Existing customers will receive £20 if they persuade a friend on Facebook to use a discount code on their first loan with Wonga, which will exempt them from a transaction fee of £5.50.

But research compiled for the Herald shows that borrowing £400 over a month from Wonga would cost £119.98 in interest, compared to just £5.88 on a Barclaycard credit card and £30 on an authorised overdraft from Bank of Scotland.

Even those with a bad credit rating would only pay £10.61 if they withdrew the cash on a Barclaycard charging 29.9%.

As long as they have used Wonga before, Facebook users can recommend the firm, which charges 4214% APR, to five friends, earning £20 each time. Several sites have now sprung up to offer promo codes when people type "Wonga" into their search engines.

Stuart Carmichael, of the Glasgow-based charity Debt Support Trust, said: "This is a shocking marketing ploy to lure people into credit who may not even require this funding.

"Wonga seem to be targeting young people who may not be finance-savvy through their TV advertising and social marketing."

Wonga promises to put cash in people's accounts in 15 minutes but the alternatives can offer the same amount on the same day, if not instantly from a cash machine.

Chief executive Errol Damelin has frequently said the firm is aimed at tech-savvy young professionals who want extra cash to fund holidays and trips to music festivals.

But the firm recently removed a page on its website that promoted payday loans as an alternative to student loans after the National Union of Students deemed it "predatory".

The Office of Fair Trading is currently investigating 50 major payday lenders over concerns the industry is targeting financially vulnerable people.
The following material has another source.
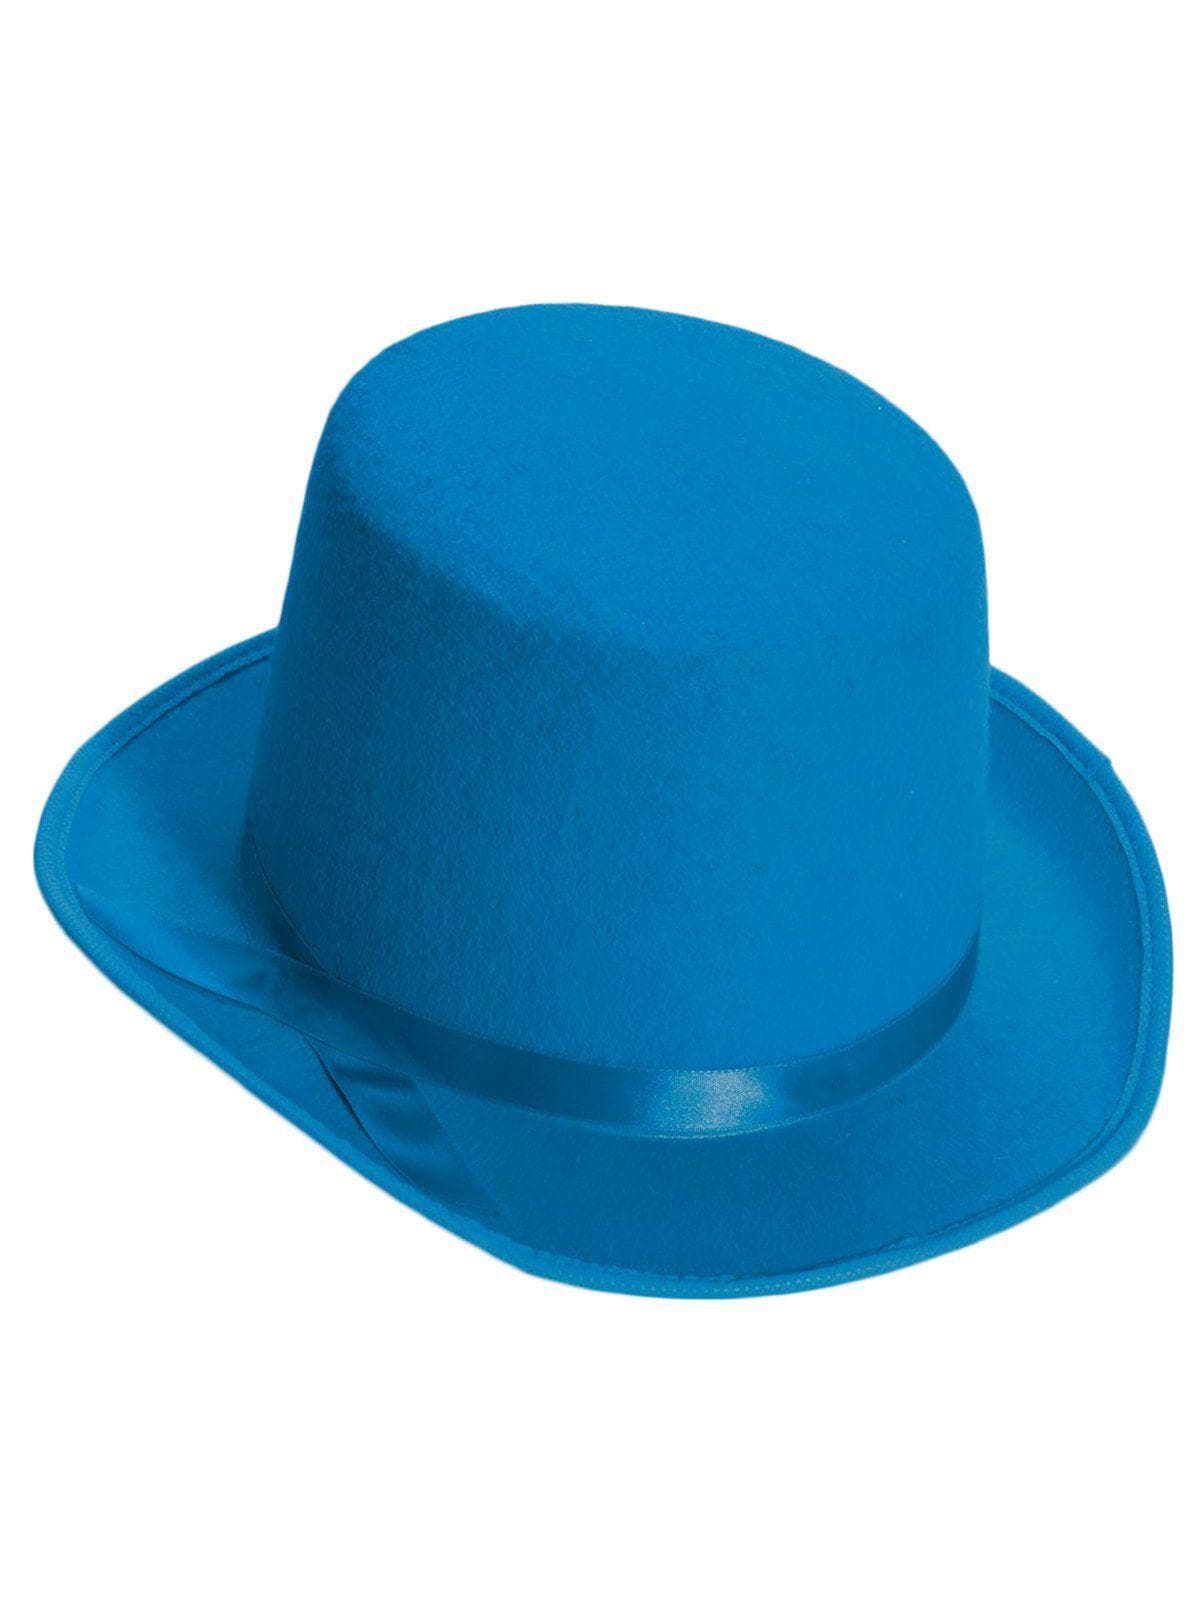 Blue Top Hat - costumes.com

Wonga says it avoids this danger by accepting only 30% of applications for loans.

Wonga also sponsors Hearts, this year's Scottish Cup Finalists, and has been quick to tell Facebook users this week that it's "very excited" for an all-Edinburgh final.
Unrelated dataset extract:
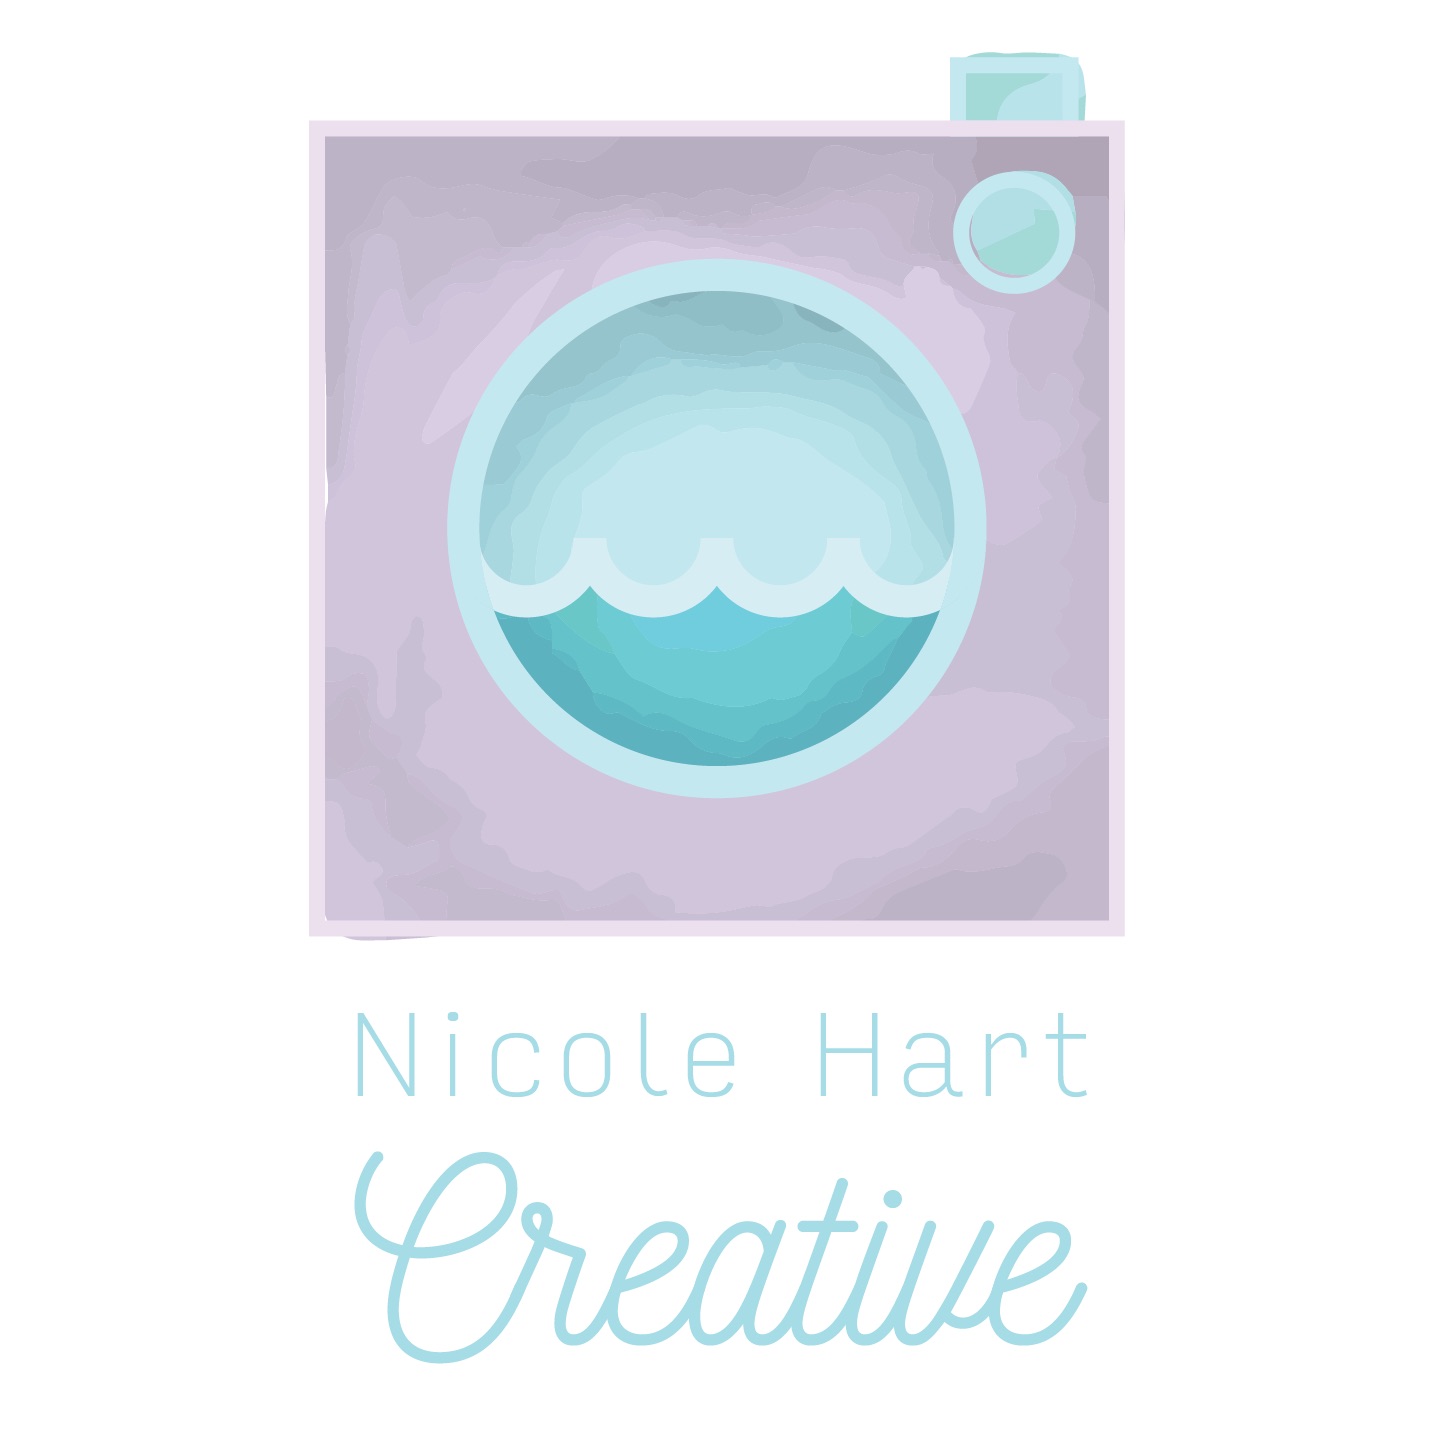 Nicole Hart Creative

But English football fans began a campaign last month to remove Wonga advertisements from the websites of clubs, calling for the promotion of credit unions instead.
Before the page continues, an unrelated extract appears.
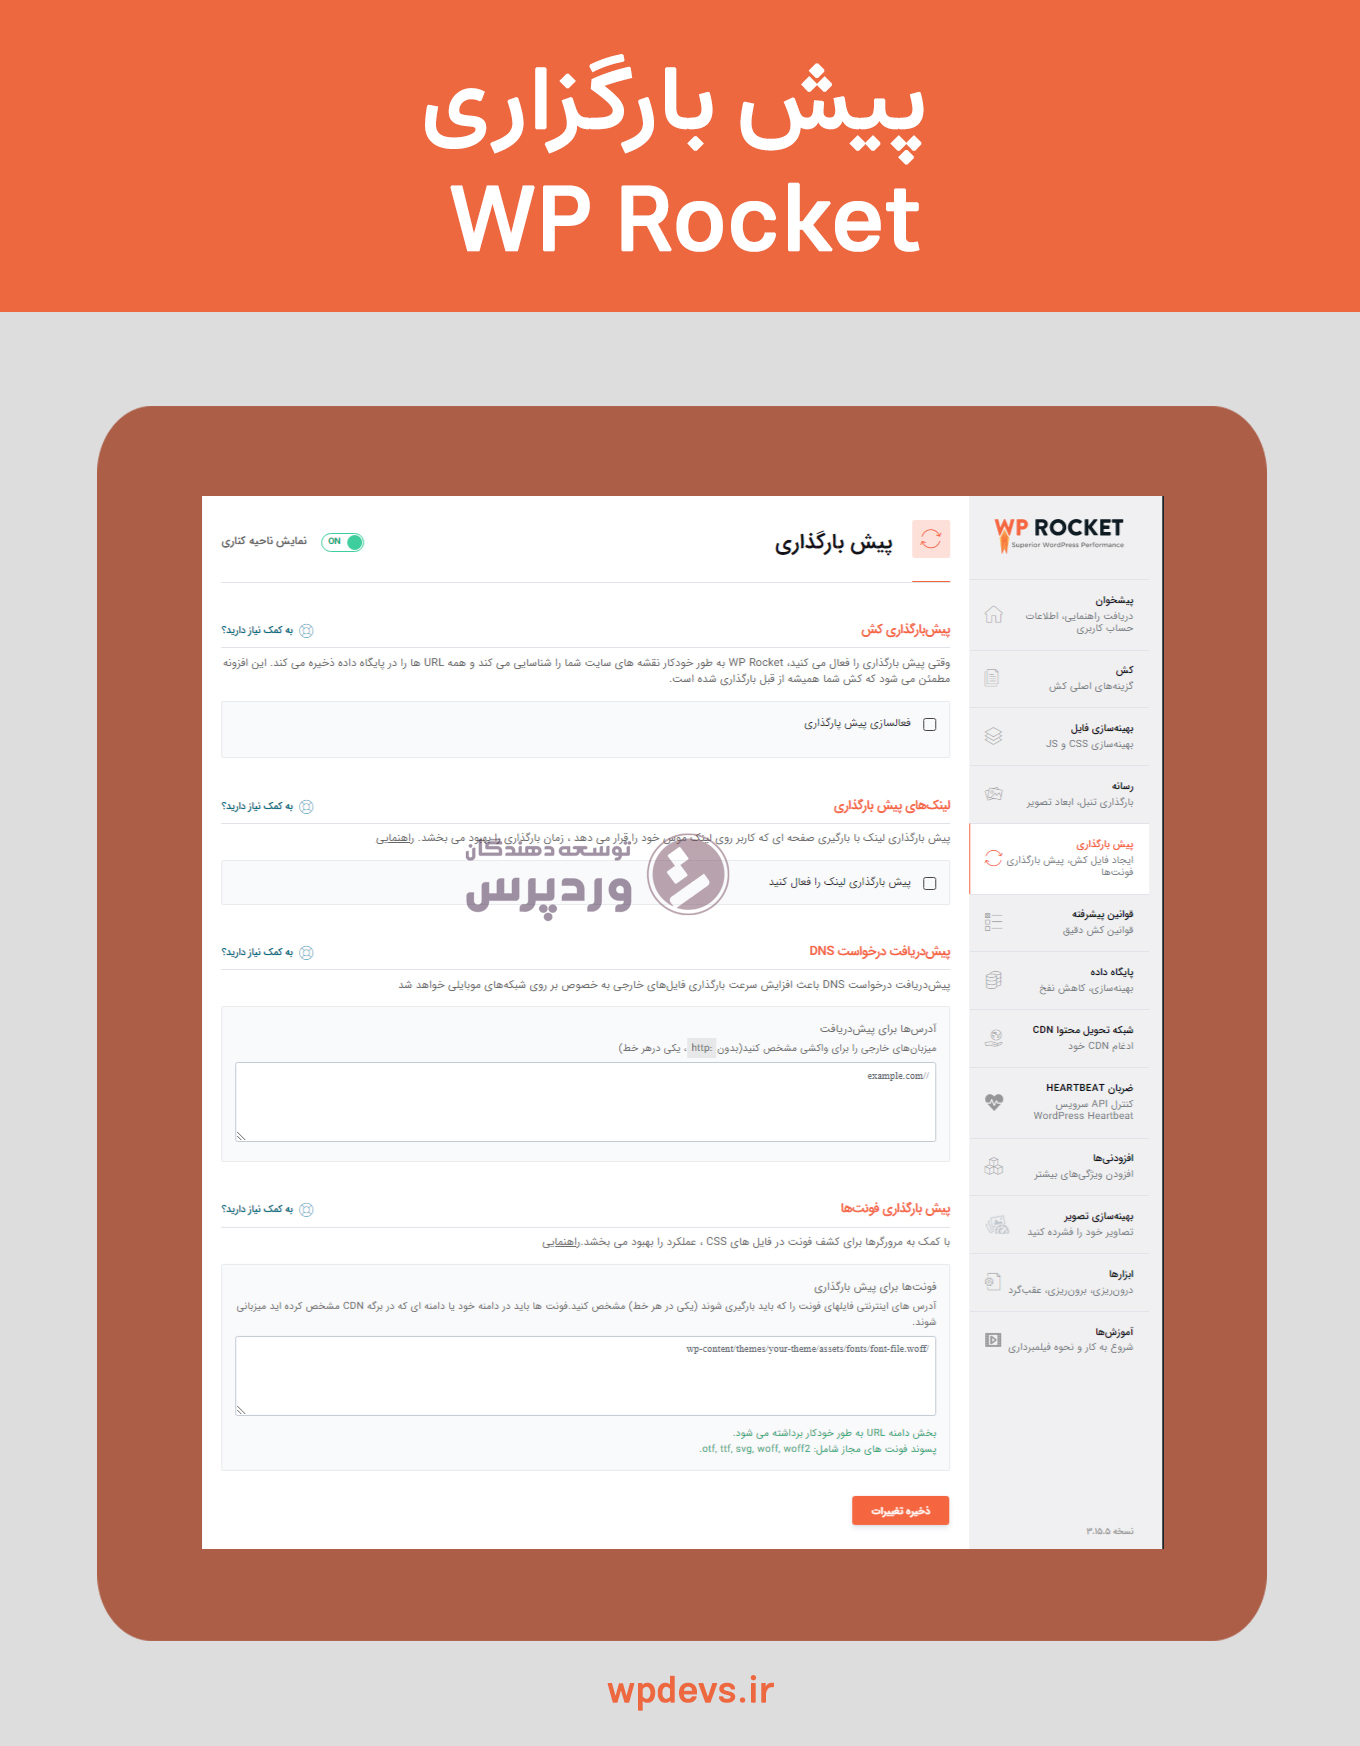 افزونه بهینه سازی و افزایش سرعت سایت wp rocket پیش بارگزاری

Research from Debt Support Trust shows Wonga would be 13 times more expensive than borrowing £400 from two typical credit unions, London Mutual and Hi Scot Credit Union, which would cost £8.81 over a month.

Wonga has frequently claimed that its loans are cheaper than going into an unauthorised bank overdraft. However, it would cost half the amount to borrow £100 over 20 days on an authorised overdraft from Royal Bank of Scotland.

A spokesman from Wonga said: "We run a refer-a-friend scheme with existing customers and we have more than 80,000 engaged customers on our Facebook page. The scheme came about because many existing customers were referring friends to Wonga anyway and many were asking us about a potential reward for doing so. The £5.50 discount element is a code for removing the standard £5.50 cash transmission fee we charge."

Mr Carmichael said: "Wonga's fees start to become the most expensive the more you borrow. It is more expensive than credit unions, authorised overdrafts, credit cards and in some cases unauthorised overdrafts."

He said Wonga charged a £20 fee as well as ongoing interest on any loan not repaid on time, which ranked it among the most expensive payday lenders.